Cemil Baysal – Köşe Yazısı
Gün boyunca insanları selamlıyor, sohbet ediyor veya toplantılara katılıyoruz. Her iletişim bizi bir şekilde etkiler, bize değer katar veya bizi tüketir. Bize değer katan iletişimde bir yeni bilgiyi karşı tarafa iletirken, bir yeni bilgiyi de karşı taraftan alırız. Bu, bizim için hem bir kazanım hem de gün boyu bizi motive eden bir durumdur.
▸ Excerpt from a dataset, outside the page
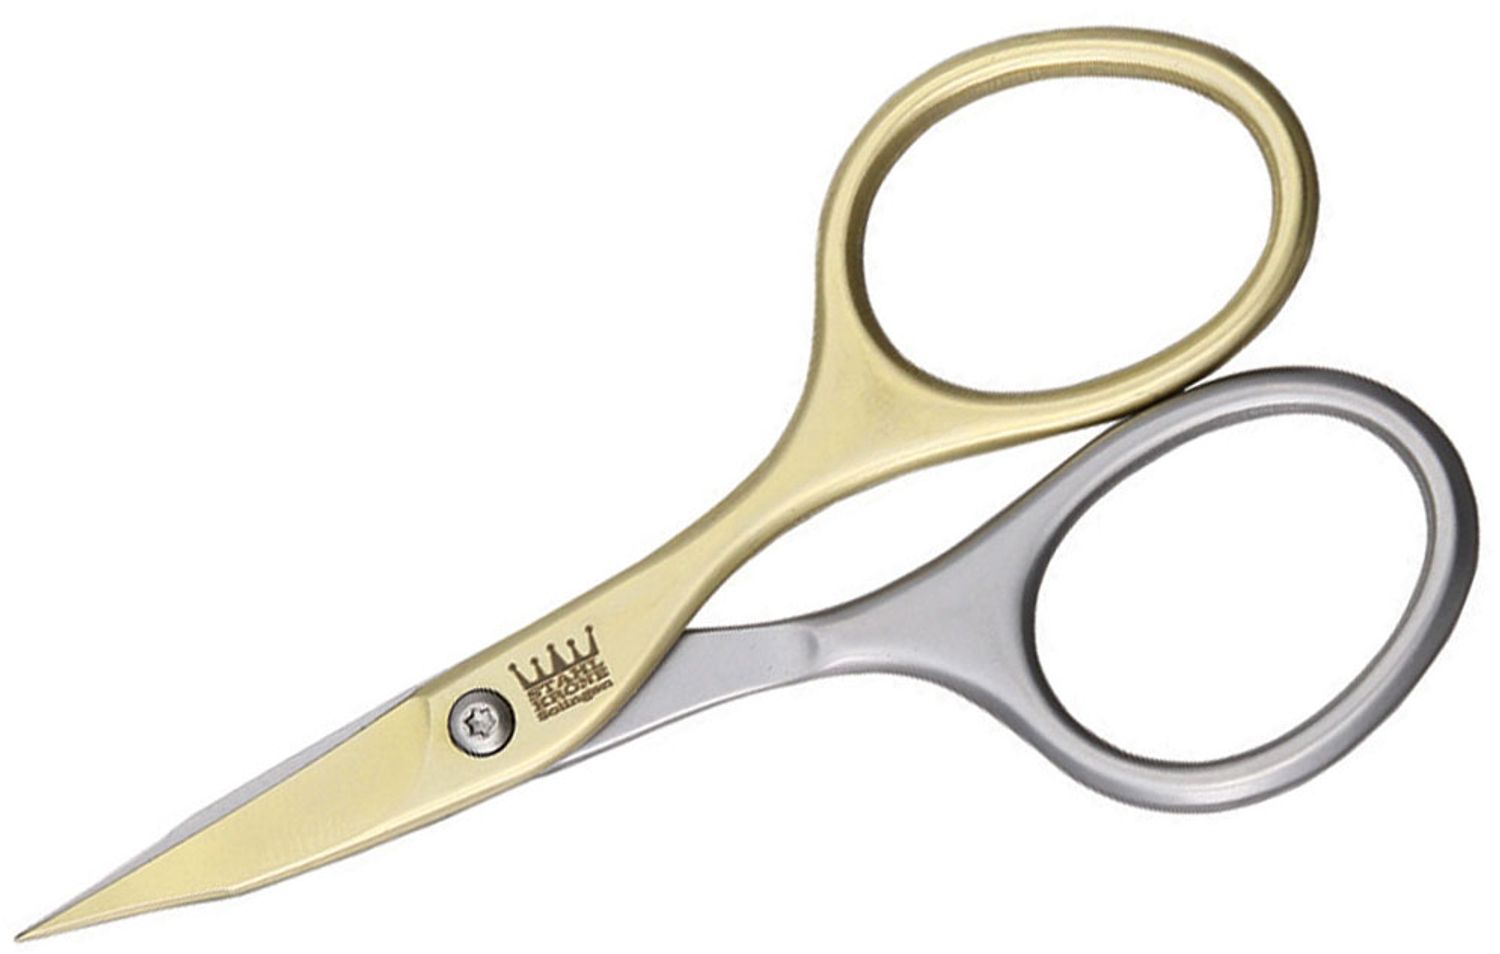 Self Opening Scissors - Discontinued

Bizi motive eden şeyler aynı zamanda bizi mutlu da eder ve bu mutluluğu genellikle çevremize de yansıtırız. Yıkıcı konuşmalar suçlamayı, şikâyet etmeyi, dedikoduyu ve olumsuzluğu içerir. Yaşam gücünüze zarar verirler ve tüketirler. Yıkıcı konuşmaların olumsuzluğu ifade etmekten, zaman kaybetmekten ve insanları kötü hissettirmekten başka bir amacı yoktur.
Biriyle her tanıştığımızda veya selam verdiğimizde, konuşmanın yıkıcı veya yapıcı olması için bir fırsat vardır. Yıkıcı konuşmalar yerine yapıcı konuşmaları tercih etmek gününüze daha fazla güç katacak, tutumunuzu iyileştirecek, ruhunuzu yükseltecek ve daha üretken olmanıza yardımcı olacaktır. İnsanlar mutlaka bilerek yıkıcı değildir. Çoğu zaman tek bildikleri budur, kısaca alışkanlıktır.
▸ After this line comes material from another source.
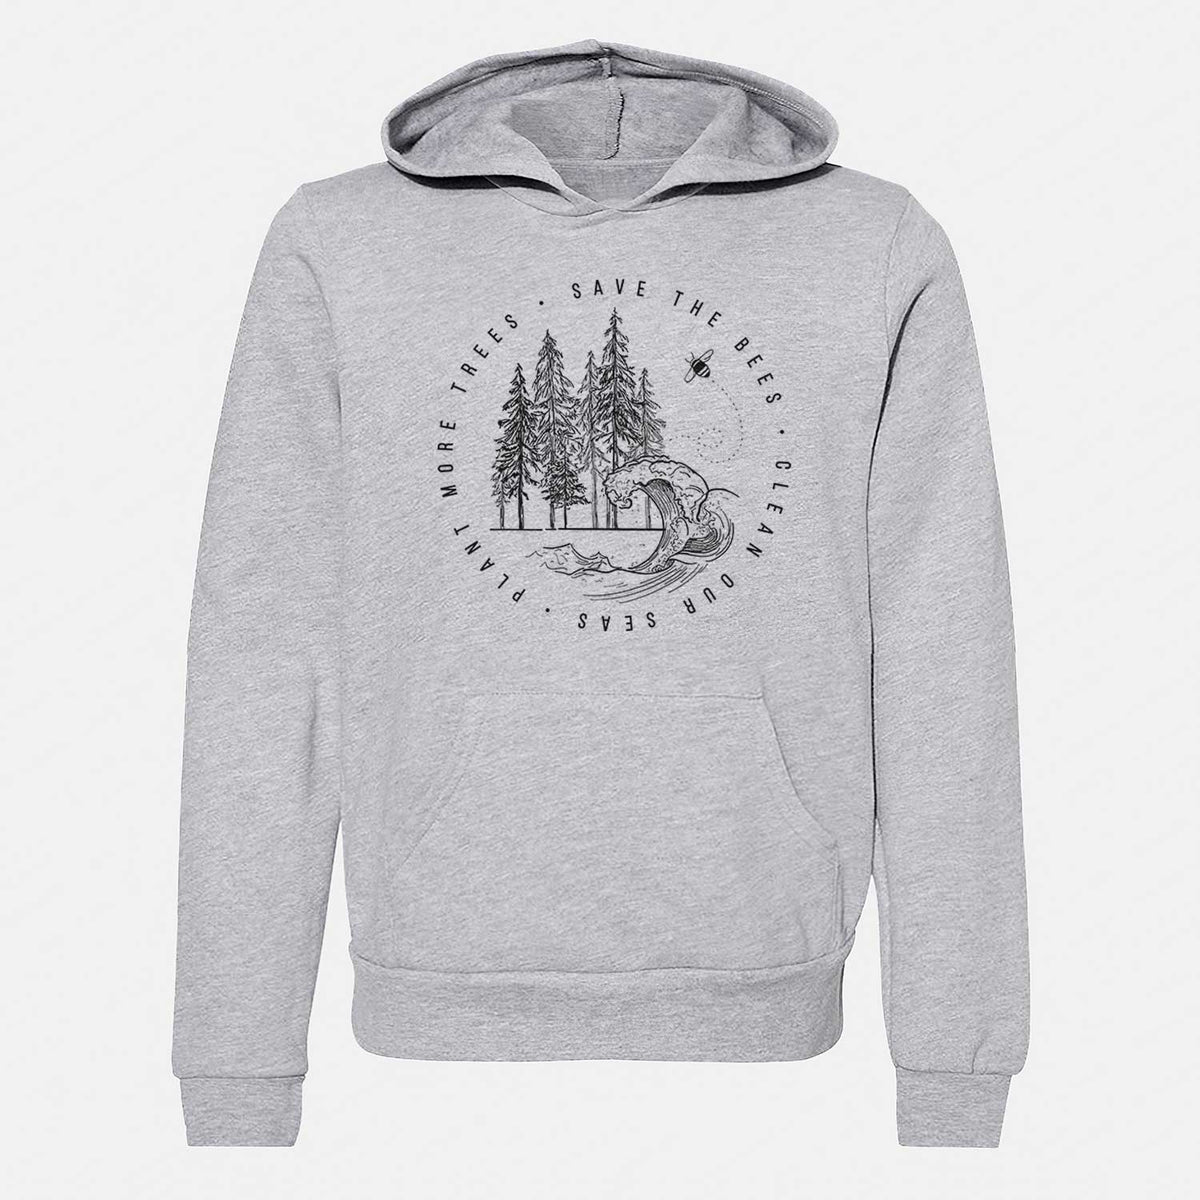 Save the Bees, Clean our Seas, Plant more Trees - Youth Hoodie Sweatshirt

Olumlu çabalarla fark yaratabileceğiniz bir ortam bulmak, mutluluk seviyemiz üzerinde büyük bir etkiye sahip olacaktır.
Peki yıkıcı değil yapıcı olabilmek için o kilit kelime nedir?
Hoşgörü. Hoşgörünün bir erdem olduğunu kimse inkâr edemez. Hoşgörü, genellikle sevmediğimiz bir şeye katlanmak olarak tanımlanır. Ancak bu tanım gerçek toleransının gerisinde kalmaktadır. Birinin davranış veya inançlarını kabullenmekten vazgeçmek, hoşgörülü olmakla aynı şey değildir.
Gerçek hoşgörü açık fikirli düşünme, saygı ve empati gerektirir. Diğer insanlara ve insan grupları arasındaki ilişkiye doğal bir saygıdır. Hoşgörüyü bir şeye katlanmak olarak düşünmek yerine, hoşgörüyü her etkileşime açık fikirli ve açık bir kalple girmek olarak düşünmeliyiz. Eğer bu şekilde düşünürsek karşıdaki insanı yargılamadan önce olayların geçmişine bakıp onu anlayabiliriz.
Olan bir şeyi yıkmak kolay ama o şeyi yeniden inşa etmek zordur mottosuyla hareket ettiğimizde yargılamadan, yıkmadan, kırıp dökmeden olaylara bakabiliriz.